По наблюдениям Елены: «…от других представительниц женского пола разных национальностей и вероисповеданий индианки отличались непокрытою головой, роскошью своих блестящих черных кос, закрученных греческим шиньоном на затылке, расписанным красками лбом и кольцами в одной ноздре. <…> Каждая из них была способна привести любого художника в восторг своими движениями, костюмом, грацией. Тем не менее от нашей румяной и дебелой какой-нибудь Анны Ивановны ни одна из красавиц Индостана не дождалась бы ни ласки, ни привета: "Ведь, экая срамота, прости Господи, глядишь: баба-то совсем голая!"»

«За ними, в партере, волновалось целое море самых оригинальных, нигде, кроме Индии, не встречающихся тюрбанов.
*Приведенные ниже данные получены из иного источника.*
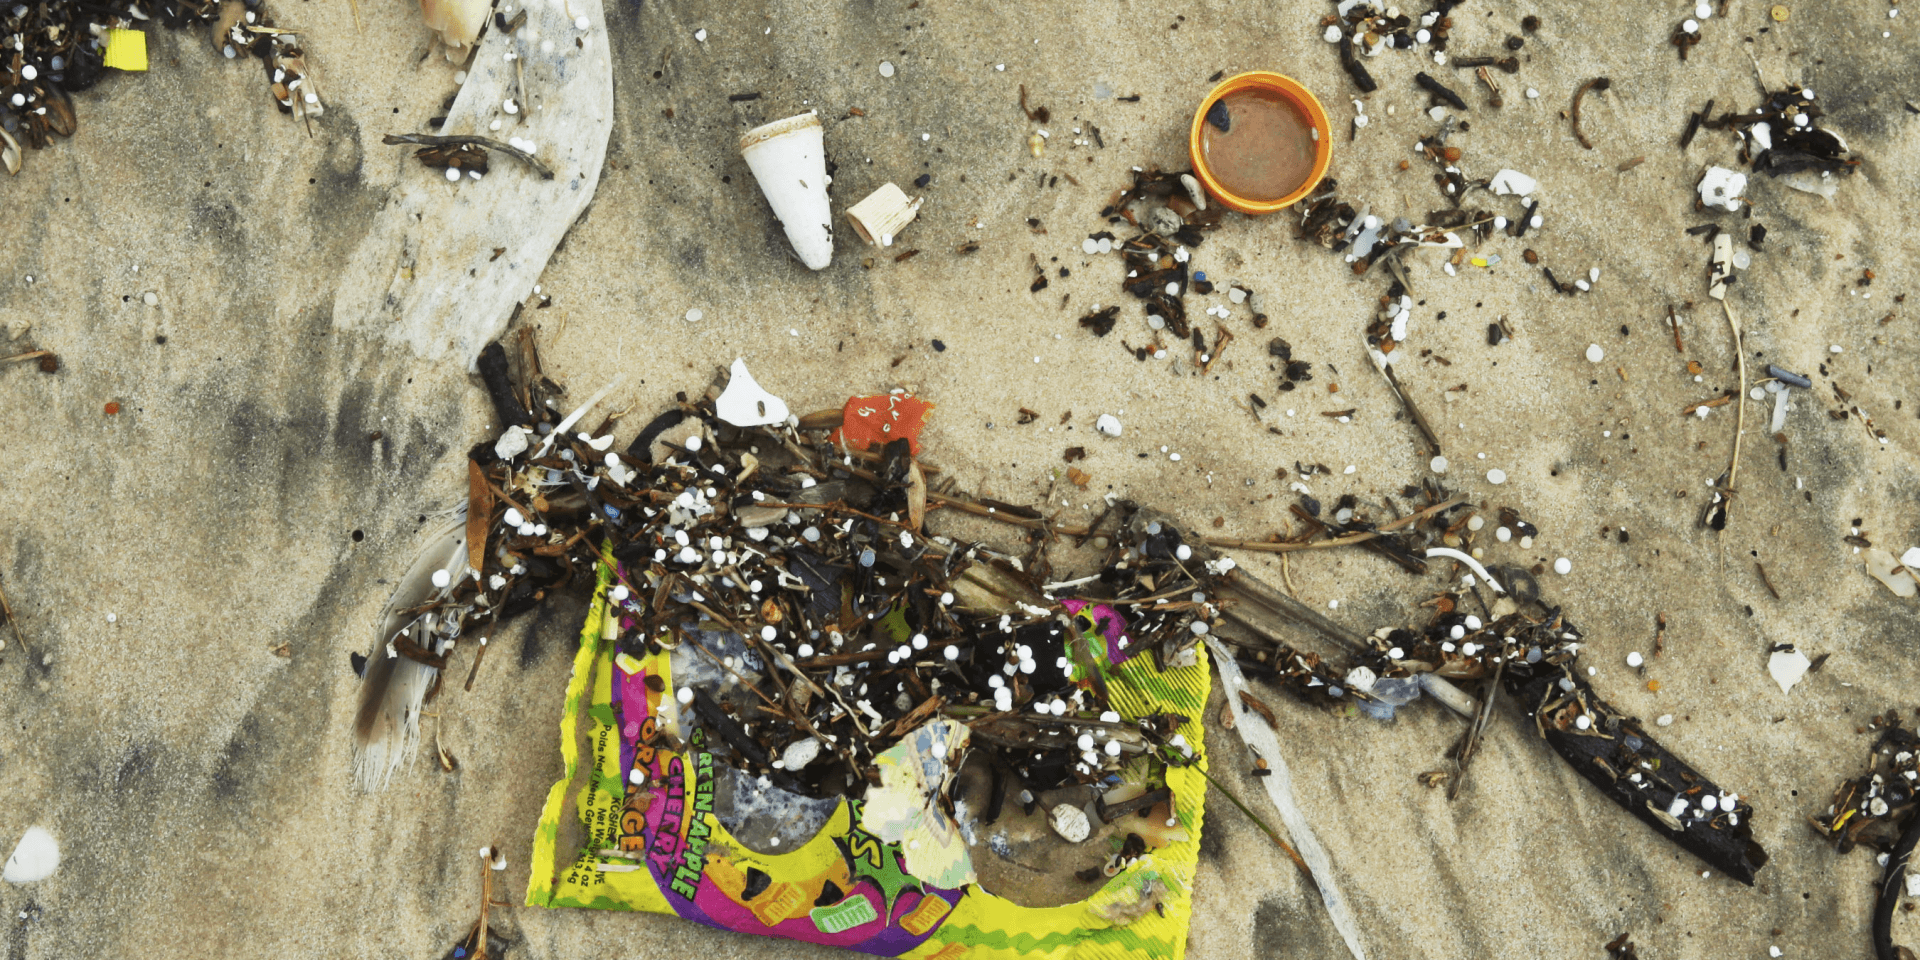 Plastika ogroža okolje, ljudi in živali

Тут были и длинноволосые раджпуты с их прямыми, чисто греческими чертами лица, с разделенною на подбородке бородой, концы которой закручиваются за уши, в пагри, тюрбане, состоящем из двадцати аршин белой тонкой кисеи, обкрученной веревкой вокруг головы, в серьгах и ожерельях; тут были маратские брамины, с гладко выбритою (кроме центральной длинной космы волос) головой, прикрытой громадным блюдообразным тюрбаном ослепительно-красного цвета с золотым, выгибающимся вперед, словно рог изобилия, украшением наверху. <…> Голова у него так и клонится вниз под тяжестью драгоценных камней на тюрбане; все пальцы на руках и на ногах украшены перстнями, а ноги браслетами».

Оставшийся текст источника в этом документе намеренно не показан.